B: The halftone images have slight, acceptable density variations.
C: The halftone images have some density variations.
D: The halftone images have white spots.

	TABLE 1

	Surface resistivity of conductive
	resin layer (logΩ/sq)

		Difference
		(first region −	Volume resistance of	Image
First	Second	second	conductive roller (logΩ)	quality

	region	region	region)	Before	After	Difference	Before	After

Ex. 1	Conductive	Covering tube	1	11.10	9.91	1.19	7.10	7.52	0.42	A	A
	roller 1
Ex. 2	Conductive	Covering tube 2	11.10	8.41	2.69	6.90	7.35	0.45	A	A
	roller 2
Ex. 3	Conductive	Covering tube	3	11.10	10.68	0.42	7.12	7.76	0.64	A	B
	roller
3
Ex. 4	Conductive	Covering tube 4	11.10	7.93	3.17	6.62	7.06	0.44	B	B
	roller 4

Com.	Coated roller 1	—	7.00	8.12	1.12	A	D
Ex. 1

Com.	Conductive	Covering tube 5	11.20	11.41	−0.21	7.20	7.93	0.73	A	C
Ex. 2	roller 5

Com.	Conductive	Covering tube	—	7.14	8.11	0.97	C	D
Ex. 3	roller 6	5 with
		adhesive layer

The results shown in Table 1 demonstrate that the conductive rollers of the Examples maintain their low volume resistances after repeated use more effectively than those of the Comparative Examples.
The foregoing description of the exemplary embodiments of the present invention has been provided for the purposes of illustration and description. It is not intended to be exhaustive or to limit the invention to the precise forms disclosed. Obviously, many modifications and variations will be apparent to practitioners skilled in the art. The embodiments were chosen and described in order to best explain the principles of the invention and its practical applications, thereby enabling others skilled in the art to understand the invention for various embodiments and with the various modifications as are suited to the particular use contemplated. It is intended that the scope of the invention be defined by the following claims and their equivalents.

Claims

What is claimed is:

1. A conductive roller comprising:

a conductive support;

a conductive elastic layer disposed on the conductive support; and

a conductive resin layer disposed on the conductive elastic layer and containing a resin and a conductor, the conductive resin layer including a first region forming an outermost surface thereof and a second region between the first region and the conductive elastic layer, the second region adjoining the conductive elastic layer and having a lower surface resistivity than the first region.

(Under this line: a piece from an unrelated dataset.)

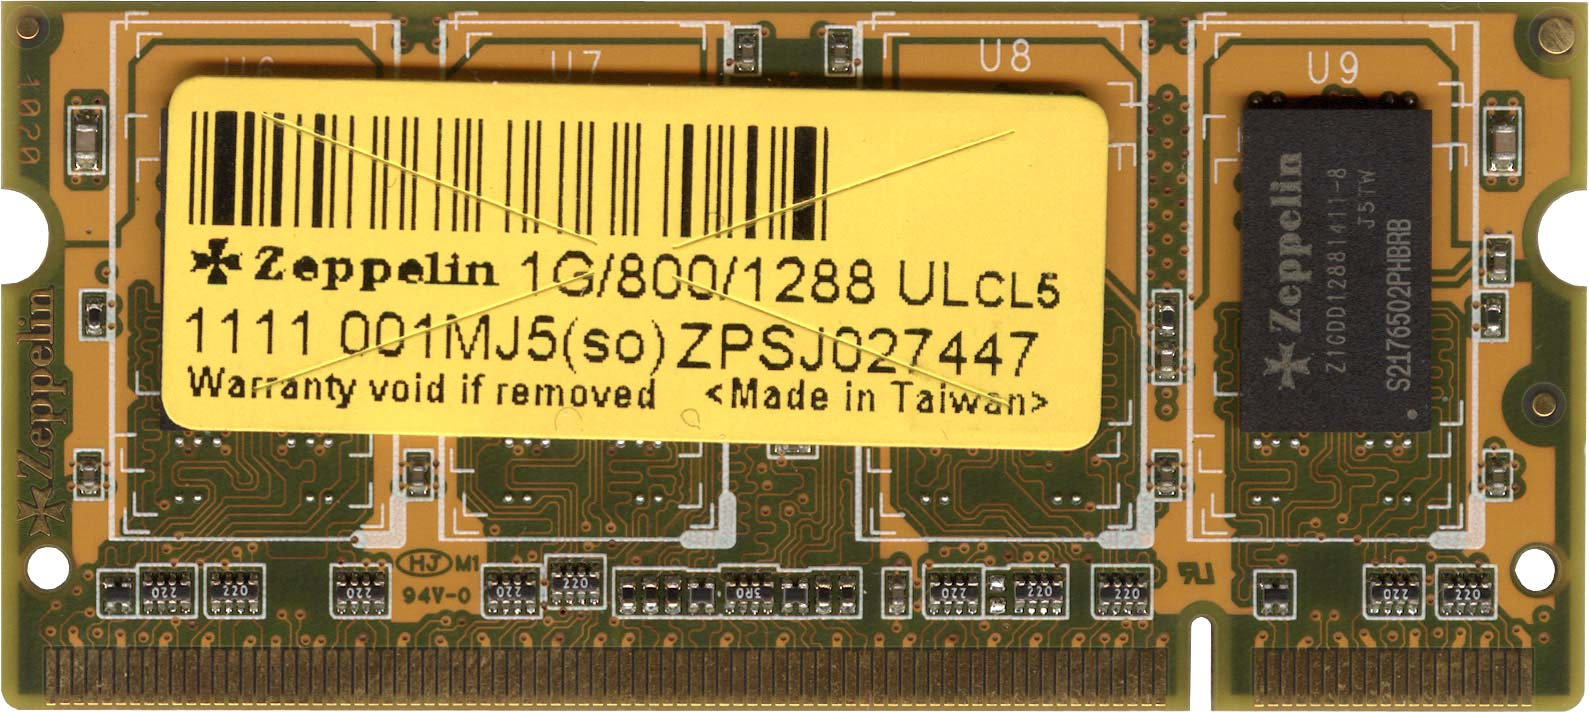 Оперативная память Zeppelin ZPSJ027447 - 1G/800/1288 ULcL5
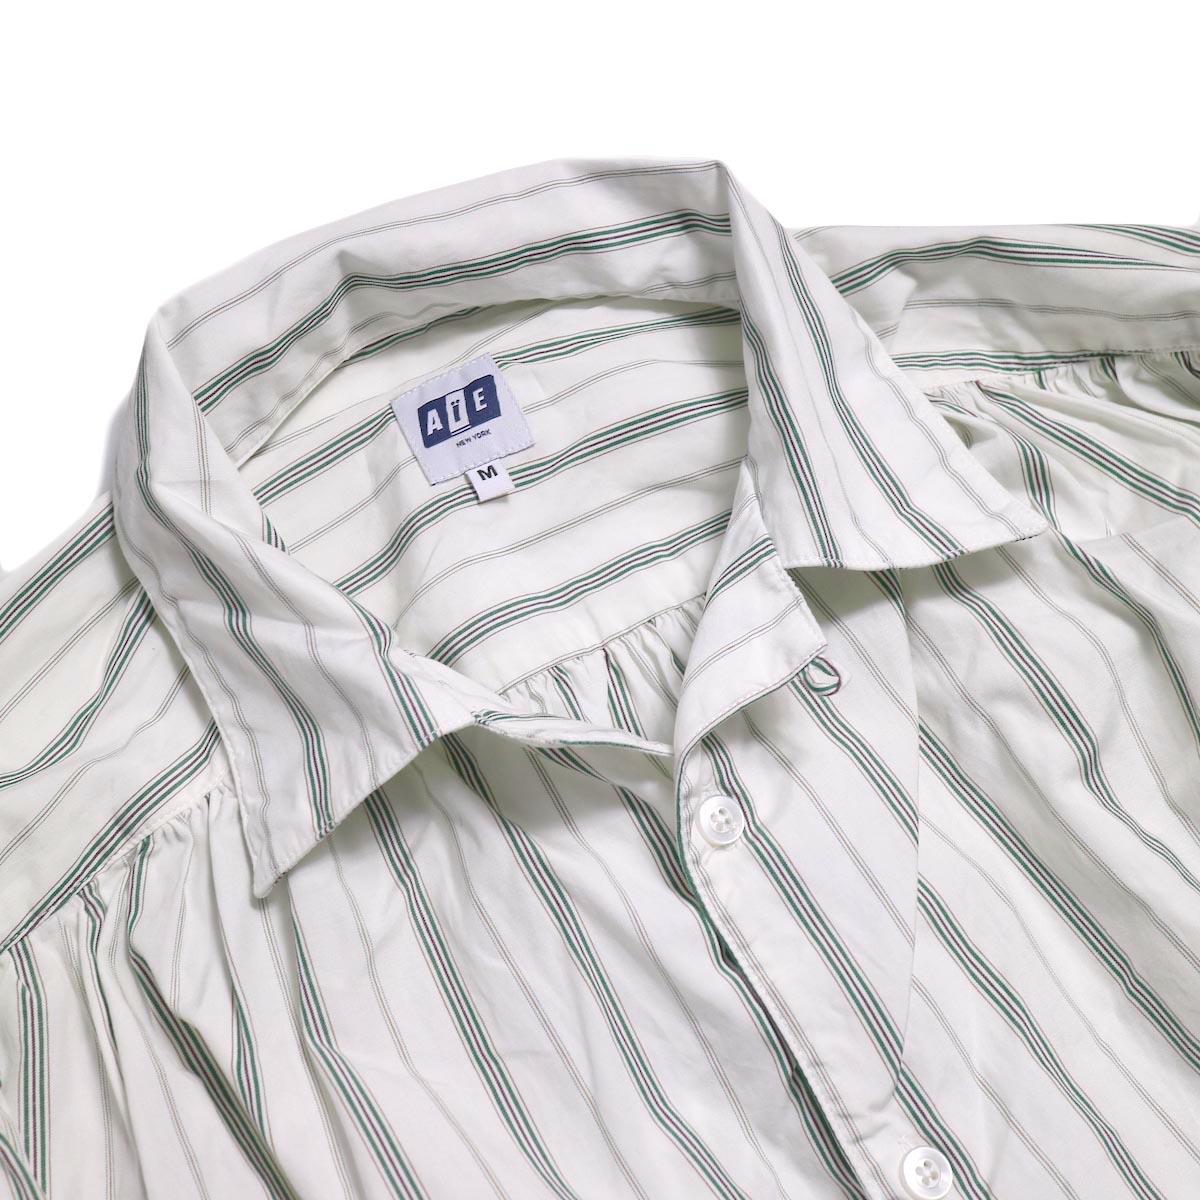 AiE / Painter Shirt -Regent St. (Grn/Wht)  オープンカラー

2. The conductive roller according to claim 1, wherein the first and second regions have a difference in common logarithm of surface resistivity (log Ω/sq) of about 1 to about 3.

3. The conductive roller according to claim 1, wherein the second region contains a larger amount of conductor than the first region.

4. The conductive roller according to claim 2, wherein the second region contains a larger amount of conductor than the first region.

5. An image-forming apparatus comprising the conductive roller according to claim 1.

6. A process cartridge attachable to and detachable from an image-forming apparatus, comprising the conductive roller according to claim 1.